A core tenet of being more than 30 years old is that I staunchly believe in the collective excitement to fill out government census forms. A younger and more aloof me would be above such things, too ordained in my lifestyle of carefully structured individuality to want to let the government know anything about me. But I’m 38 years old, and I was excited the day my partner came in and announced that something important had arrived: Canada’s 2021 census.
A government intake form that all citizens are required by law to fill out, the census began in 1871, and is sent out once a decade to gather data on citizens of Canada. Over the years, new questions have been added to the forms to adjust to the ever-evolving and diverse population of the country. Religion, point of immigration and the number of colour televisions in a home were just some of the queries added as we grew ever interested in the socio-economic makeup of the world around us.
In 2001, the census began collecting data on same-sex couples, in a determined move forward to better understand the lived experience of LGBTQ2S+ Canadians. Now, in 2021, the census asks questions about the gender identity of Canadians for the first time. And the government came so close to getting it right.
The census asks two questions pertaining to gender identitiy: “What was your sex assigned at birth?” and “What is your current gender?” The binary options listed are “male” and “female,” and a box below labelled “other” provides an option to self-define one’s current gender.
Here we run into a number of issues. The first being one’s sex assigned at birth. Asking if you were assigned male or female with no room for discussion doesn’t give adequate space to intersex people, for instance—especially for those with anxieties around the sex designation they were given without their consent.

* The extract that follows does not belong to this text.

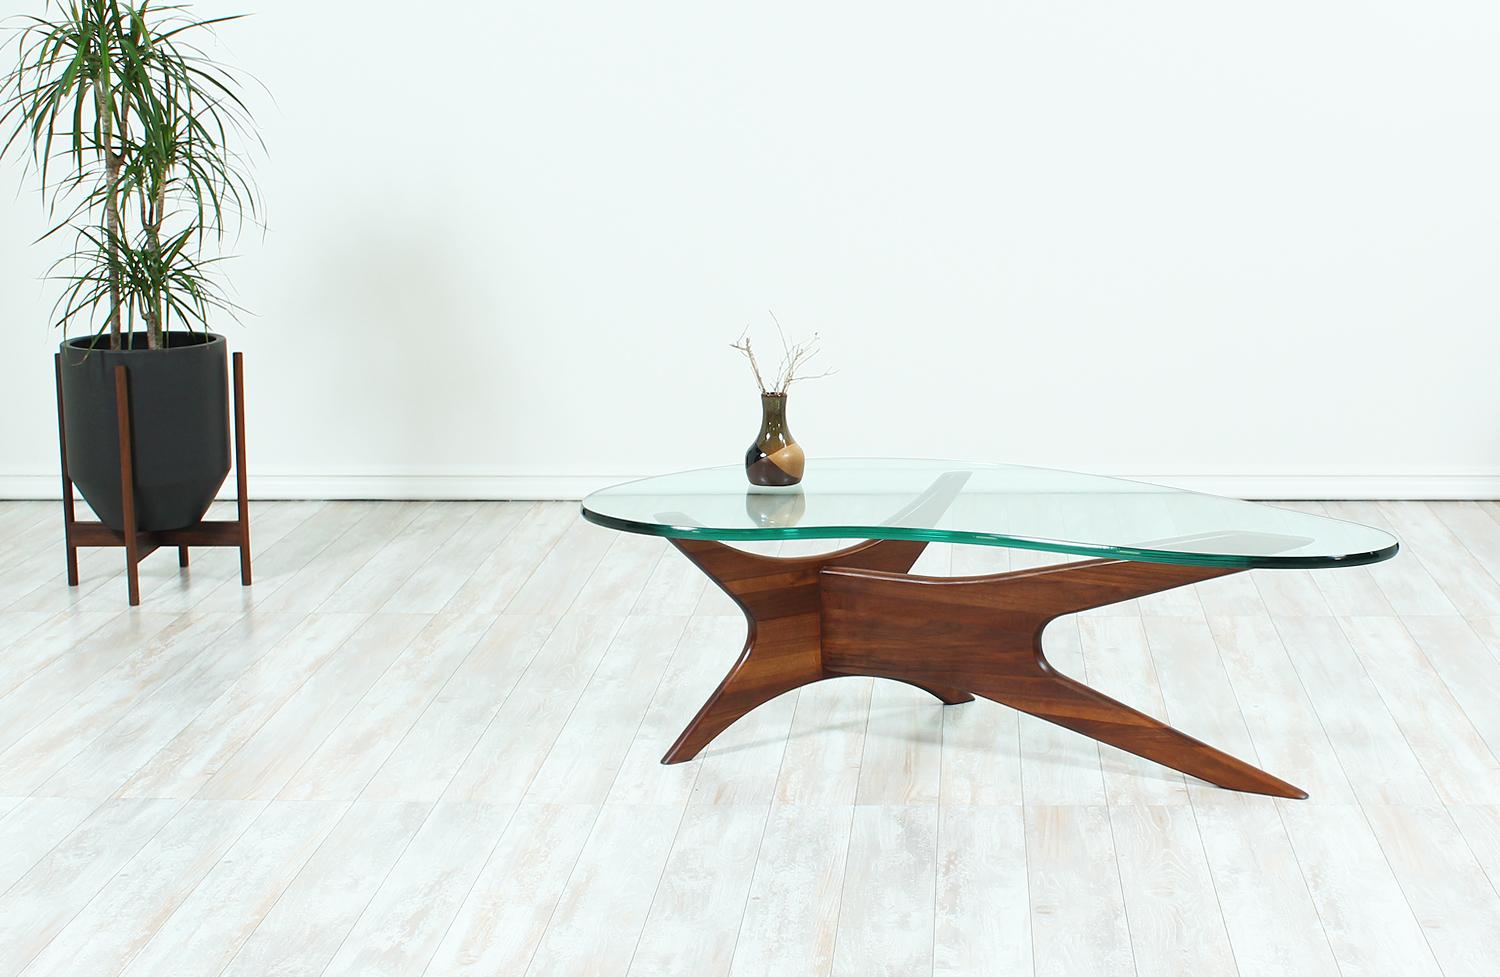 Model 1465-T coffee table designed by Adrian Pearsall for Craft Associates in the United States circa 1960s. This exceptionally crafted coffee table features a sturdy sculpted walnut wood base with arched arms that support the newly-made

Those anxieties also extend to trans folks. When I first encountered this section of the census, I found myself taken aback. I’m a trans woman, I have a number of very expensive legal documents that have my name on them and an “F” designation on everything from my birth certificate to my driver’s licence. Getting to this point took countless hours, hundreds of dollars and months of time. It’s degrading to have to claw this back and inform the government what particular set of genitals I was born with.
From there, we move to the next question, which asks about “current gender.” Here, the government has expanded upon the binary, with options including “male,” “female” or “other.” Selecting “other” allows users to fill in a blank with their self-defined gender identity. There are no options to identify specifically as trans or non-binary outside of the “other” field.
The concept of othering is not lost on trans people: We have long been considered an “other” from the washed masses of acceptable society. Now, the census asks: What kind of other are you exactly?
What is the government really asking with these questions? By collecting data about my sex assigned at birth and then asking my current gender, are they, in a roundabout way, asking me if I am or was a transsexual? If that’s the case, why not simply ask me directly?
To better understand what’s going on with these questions, I spoke with Max Ferguson, a quantitative specialist in Vancouver. “It’s tempting to create questions using the language of our communities,” they tell me. “But they also need to be clear for trans people and other groups and communities.”
The way these questions are worded is a double-edged sword. On the one hand, they are designed to ensnare trans people and let us know they’ve got us—they want trans people to disclose their identities, whether they want to or not. If you’re abiding by the legality of the census, asking questions in this way could cause people to make themselves more visibly trans than they would like. On the other hand, making both of these fields mandatory provides fodder for people who already see our communities as worthy of derision. “How one collects data in queer and trans populations, and how one collects data in general populations, can and should be really different,” Ferguson says. “Part of the reason why the data could be unusable is people using that as a medium to be hateful.” For example, Ferguson says, someone could specify their gender as “a toaster or something else as a way to be transphobic”—evoking the long-held anti-trans meme of self-identifying as an “attack helicopter.”
Part of the reason this data is so necessary is there is a dearth of data on trans lives—not just in numbers, but about how we live socio-economically. And because past censuses have not been trans-inclusive, that data remains largely untracked in Canada—especially in more rural areas where trans visibility is at its lowest. “There’s no end to the importance, the utility of having this information,” Ferguson says. “We’d love to start seeing data so we can start advocating for services for our communities outside of city centres. There are going to be a lot of ways that we could infer income inequality, and look at the geography of where people are living and how that plays into how they’re living their lives.”
We’re close to an equitable solution to the way we gather and use this data, but we’re not there yet. In its current state, the 2021 census will once again fail to capture an accurate portrait of trans lives in Canada, and we will be without the appropriate data to advocate for the real needs of our community. In the next iteration of the counting of our lives, I hope we learn to ask the questions that matter about the people society sees as “other.”